# my very first layout (so far)



## warriorgleek444 (May 27, 2013)

http://www.youtube.com/watch?v=ZdCZ0gfI6Lw
this video is almost three weeks old so you van guess that some of the plants have grown more and stuff.....but yeah here it is and yeah idk what else to say XD oh and here are a photos...oh and the thing behind the two coach cars is what is GOING TO BE a waterfall


----------



## I Am Fasha (Apr 2, 2013)

Very Nice for a first layout! I would love to have one in my backyard!


----------



## warriorgleek444 (May 27, 2013)

thanks ^-^ i just need to make my train smoke make my cars light up....and get a lot of buildings >u>


----------



## I Am Fasha (Apr 2, 2013)

Do it just like the Johnny Cash song, "One Piece at a time" and it will all go great.

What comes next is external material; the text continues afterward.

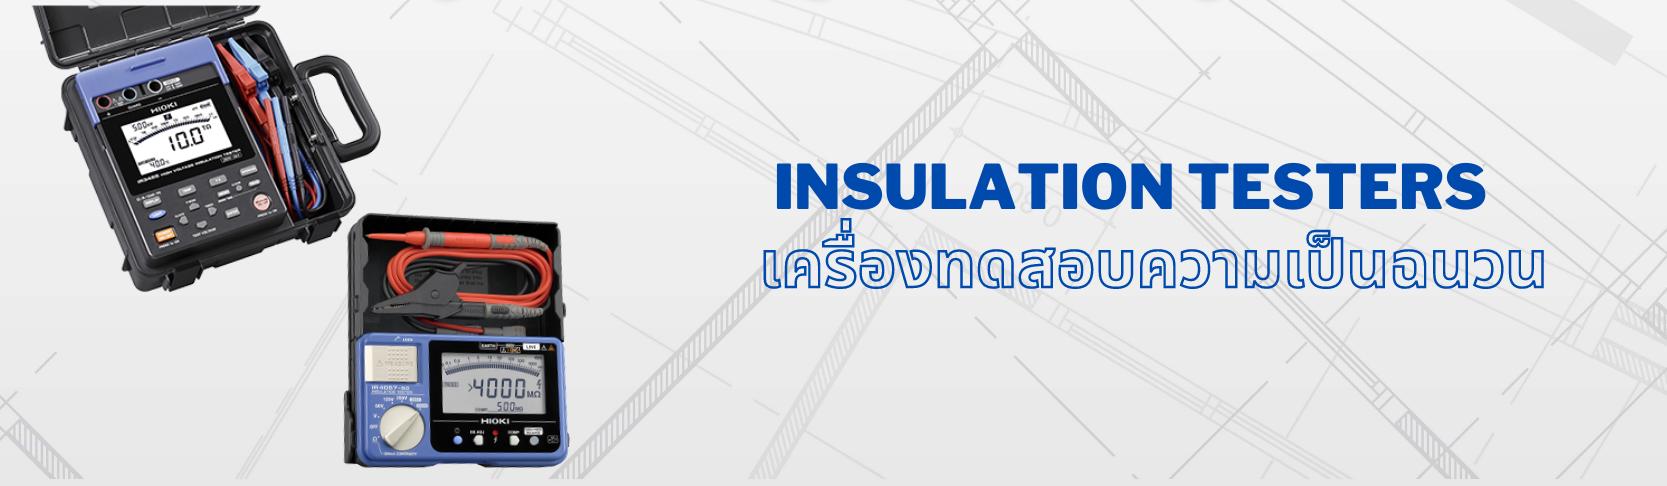 เครื่องทดสอบความเป็นฉนวน (Insulation tester)

Keep up posted!


----------



## warriorgleek444 (May 27, 2013)

LOL yeah i will xD


----------



## tjcruiser (Jan 10, 2010)

Real water! Love it!


----------



## warriorgleek444 (May 27, 2013)

thanks!


----------



## golfermd (Apr 19, 2013)

Great job! Pardon my ignorance, is that G scale?

Dan


----------



## warriorgleek444 (May 27, 2013)

thanks and yes X3


----------



## Carl (Feb 19, 2012)

Like the layout. I would like to try an outside layout, but we are still having trouble with alligators on our property.


----------



## warriorgleek444 (May 27, 2013)

Oh my 0.0


----------